For a better understanding of this tutorial, we recommend you read our “Inside the Intel Ivy Bridge Microarchitecture” tutorial before continuing.

The bad news for users who like to upgrade their computers by simply replacing the CPU is that CPUs based on the new Haswell microarchitecture will use a different socket type (LGA1150 on desktop models), making it impossible for you to replace your current CPU with a Haswell-based model.

The Haswell microarchitecture expands the Ivy Bridge microarchitecture by adding the following new features:

Other features remain the same as the Ivy Bridge microarchitecture.

Let’s now talk a little more about these new features.

New Instructions

The AVX2 instruction set expands the existing AVX instruction set to allow the use of 256-bit registers with integer operations. With the AVX instruction set, integer operations are limited to 128-bit registers, and 256-bit registers are only used with floating-point operations.

In addition, the AVX2 instruction supports three-operand Fused Multiply-Add (FMA) instructions (a.k.a. FMA3), which are able to execute operations such as a x b + c with a single instruction. These instructions were already supported by AMD CPUs based on the Piledriver microarchitecture. Two FMA execution units were added to the microarchitecture, as we will show on the next page.

New 15 bit manipulation instructions (BMI) were added. These instructions, which are listed in Figure 1, may be used for cryptography, indexing, and data conversion.

click to enlarge
Figure 1: New bit manipulation instructions

The third new instruction set added to the Haswell microarchitecture is called TSX or Transactional Synchronization eXtensions, and is used to help solve data synchronization issues when the same data may be used by different processes that are running at the same time.

All new instruction sets are described in detail in the “Intel Architecture Instruction Set Extensions Programming Reference.” (The file downloads without an extension; it is a PDF file.)

To use any of those new instruction sets, the program you are running must support them, of course.

New Dispatch Ports and Execution Units

From the Nehalem microarchitecture on, Intel CPUs have six dispatch ports to connect the CPU’s Reservation Station (where microinstructions awaiting to be processed are stored) to the CPU’s execution units. The Haswell microarchitecture adds two new dispatch ports, increasing the number of microinstructions the Reservation Station can send to the execution units by 33%.

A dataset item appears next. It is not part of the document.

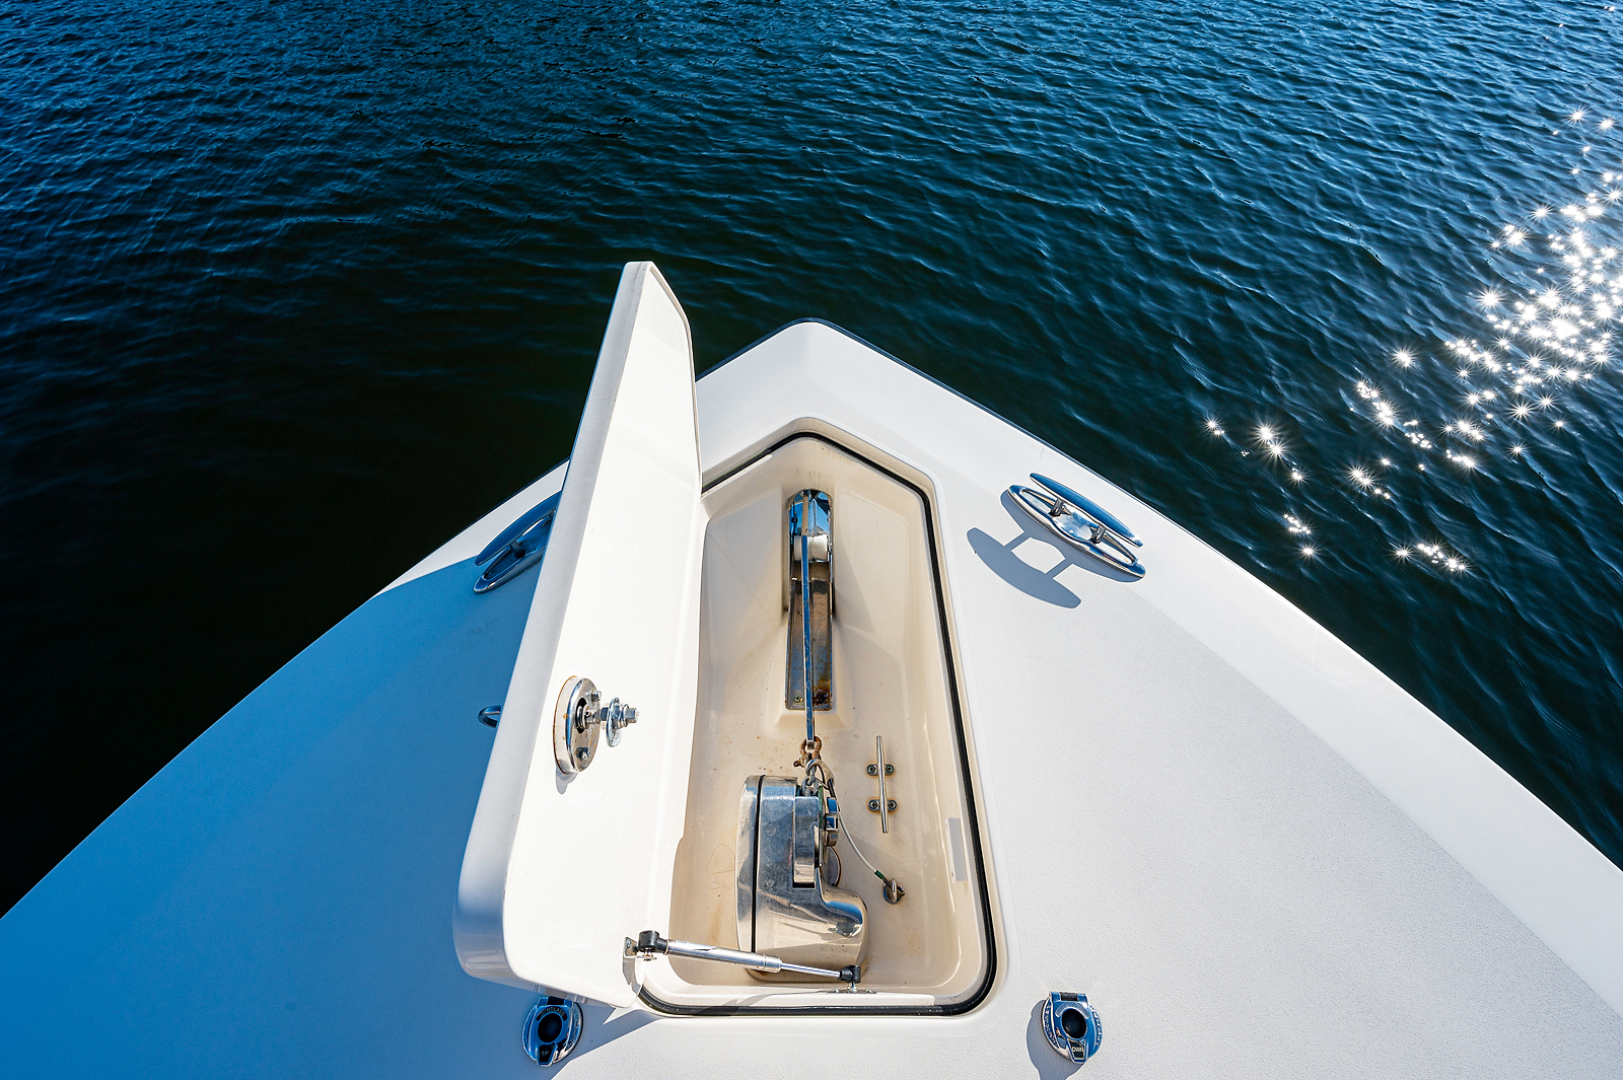 Scout-300 LXF 2017-A Salt Weapon Palm Beach Gardens-Florida-United States-Anchor Locker with Windlass-1571058 | Thumbnail

The Haswell microarchitecture has a total of 17 execution units, while the Sandy Bridge and Ivy Bridge microarchitectures have 15 and the Nehalem microarchitecture has 12.

An important enhancement added to the Haswell microarchitecture is the addition of 256-bit datapaths between the Reservation Station and the execution units. The Sandy Bridge and Ivy Bridge microarchitectures use 128-bit datapaths and, therefore, when 256-bit AVX instructions have to be executed, two execution engines must be combined. This doesn’t happen with the Haswell microarchitecture.

click to enlarge
Figure 2: New dispatch ports and execution units of the Haswell microarchitecture

New 2D Video Engine

The new 2D video engine expands the capabilities of the video engine present on the Ivy Bridge microarchitecture by adding support for 4K resolution (up to 3840 x 2160 @ 60 Hz on DisplayPort or up to 4096 x 2304 @ 24 Hz on HDMI), integrated media encoder now supporting MPEG2 and SVC encoding, integrated media decoder now supporting MJPEG and SVC decoding, and support for new image enhancements, as shown in Figure 3.

click to enlarge
Figure 3: New image quality enhancements

New 3D Engine

The Haswell microarchitecture comes with a new DirectX 11.1 graphics engine, and its main block diagram can be seen in Figure 4. The exact number of execution engines (“EU,” in Figures 4 and 5) varies according to the CPU model. Also, building blocks can be duplicated in order to achieve CPUs with higher 3D performance, as shown in Figure 5. Internally, Intel calls the three configurations they will offer “GT1,” “GT2,” and “GT3.” The commercial names are listed in Figure 6. The “GT3e” part (Iris Pro Graphics 5200) will be a “GT3” part with 128 MiB of L4 memory cache for use as video memory integrated in the package as the CPU, but not constructed inside the CPU chip. This part should be targeted to the mobile market.

click to enlarge
Figure 4: The 3D video engine

click to enlarge
Figure 5: The 3D video engine

click to enlarge
Figure 6: Commercial names of the available engines

Originally at

© 2004-13, Hardware Secrets, LLC. All Rights Reserved.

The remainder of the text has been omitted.